A fine-tuned DistilBERT model for parsing natural language queries to extract receiver (person) and content (message) information from user requests.

Model Description

This model performs token-level classification to identify:

  • person: The recipient/receiver of the message
  • content: The message content to be sent
  • O: Other tokens (Outside)

Use Cases

Perfect for virtual assistants, chatbots, and messaging applications that need to understand commands like:

  • "Send a message to Mom telling her I'll be home late"
  • "Ask the python teacher when is the next class"
  • "Text John about tomorrow's meeting"

Quick Start

Installation

pip install transformers torch

Basic Usage

from transformers import AutoTokenizer, AutoModelForTokenClassification
import torch

# Load model and tokenizer
model_name = "AbdellatifZ/distilbert-message-parser"  # Replace with your model name
tokenizer = AutoTokenizer.from_pretrained(model_name)
model = AutoModelForTokenClassification.from_pretrained(model_name)

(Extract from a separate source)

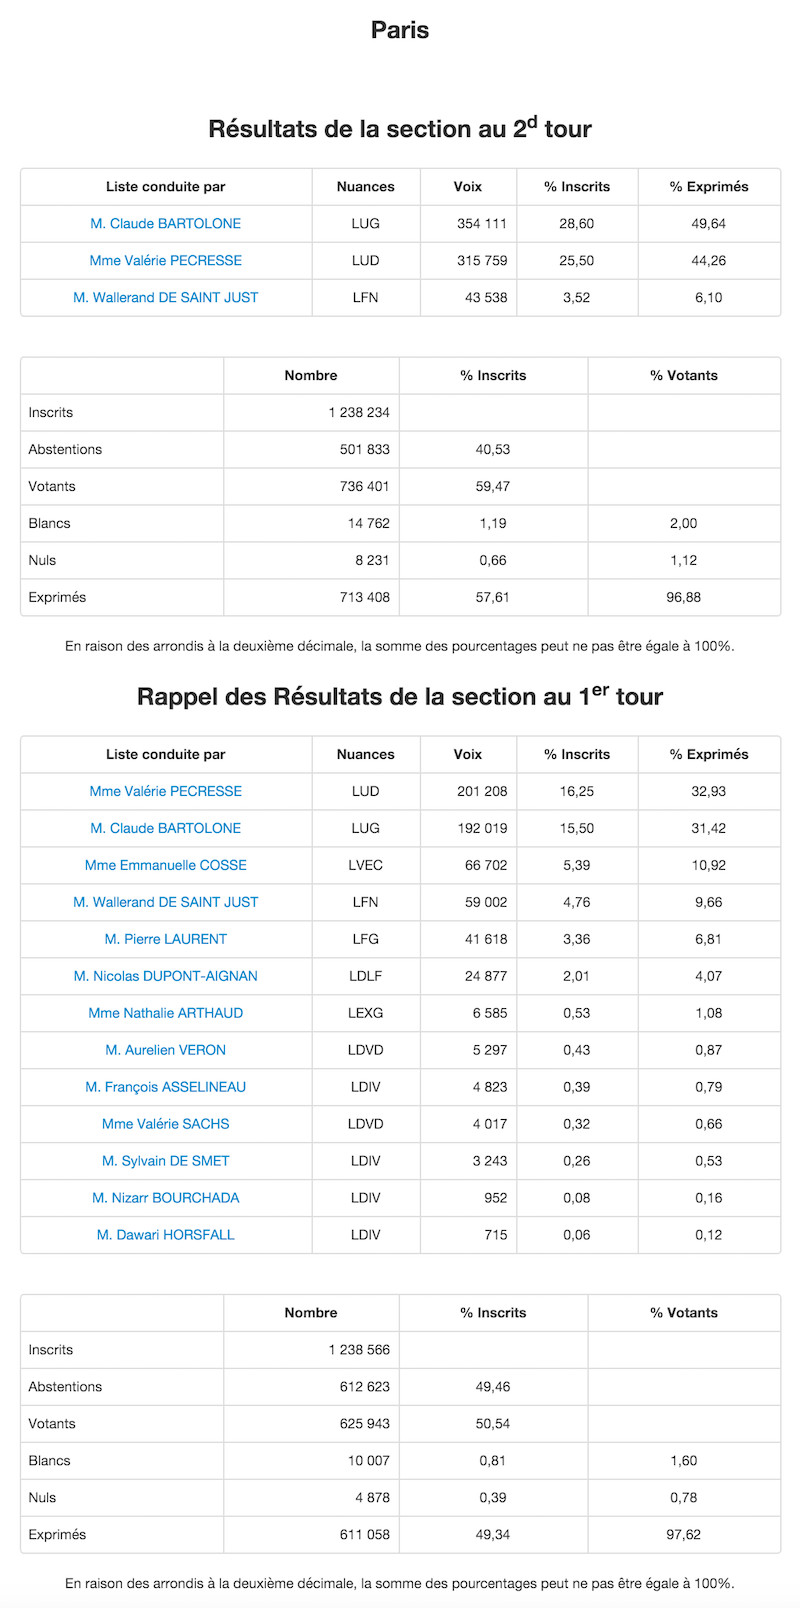 Régionales 2015 et 2010 dans le 17e arrondissement de Paris
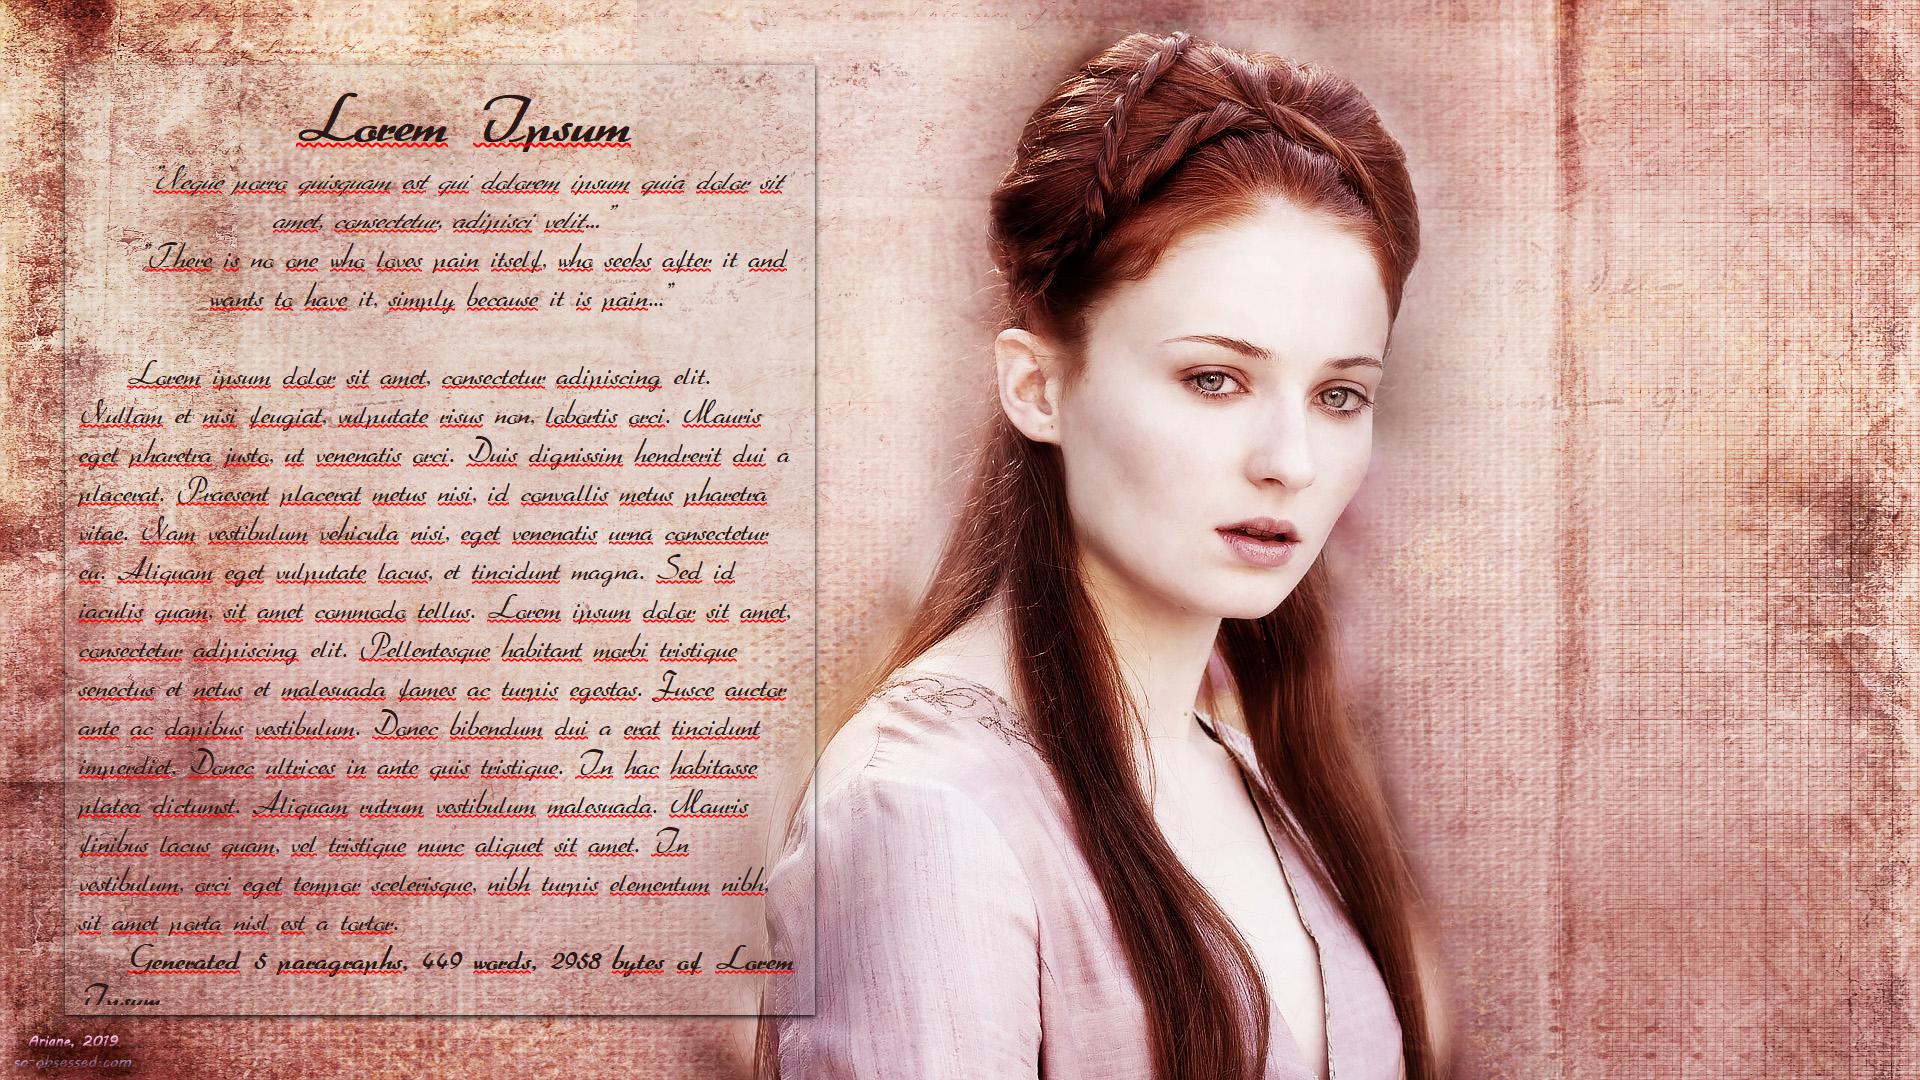 FocusWriter Theme – Game Of Thrones: Sansa

# Helper function for word-level predictions
def predict_at_word_level(words, model, tokenizer):
    """Predict labels at word level (not subword tokens)"""
    inputs = tokenizer(words, return_tensors="pt", is_split_into_words=True)

    with torch.no_grad():
        logits = model(**inputs).logits
    predictions = torch.argmax(logits, dim=2)

    word_labels = []
    word_ids = inputs.word_ids()
    previous_word_idx = None

    for idx, word_idx in enumerate(word_ids):
        if word_idx is None:  # Special tokens
            continue
        if word_idx != previous_word_idx:  # First subtoken of each word
            word_labels.append(predictions[0][idx].item())
            previous_word_idx = word_idx

    return word_labels

# Main parsing function
def parse_message(query, model, tokenizer):
    """
    Parse a query to extract receiver and content.

    Args:
        query (str): User query in natural language
        model: Token classification model
        tokenizer: Tokenizer

    Returns:
        dict: {"receiver": str, "content": str}
    """
    words = query.split()
    label_ids = predict_at_word_level(words, model, tokenizer)

    id2label = model.config.id2label
    labels = [id2label[label_id] for label_id in label_ids]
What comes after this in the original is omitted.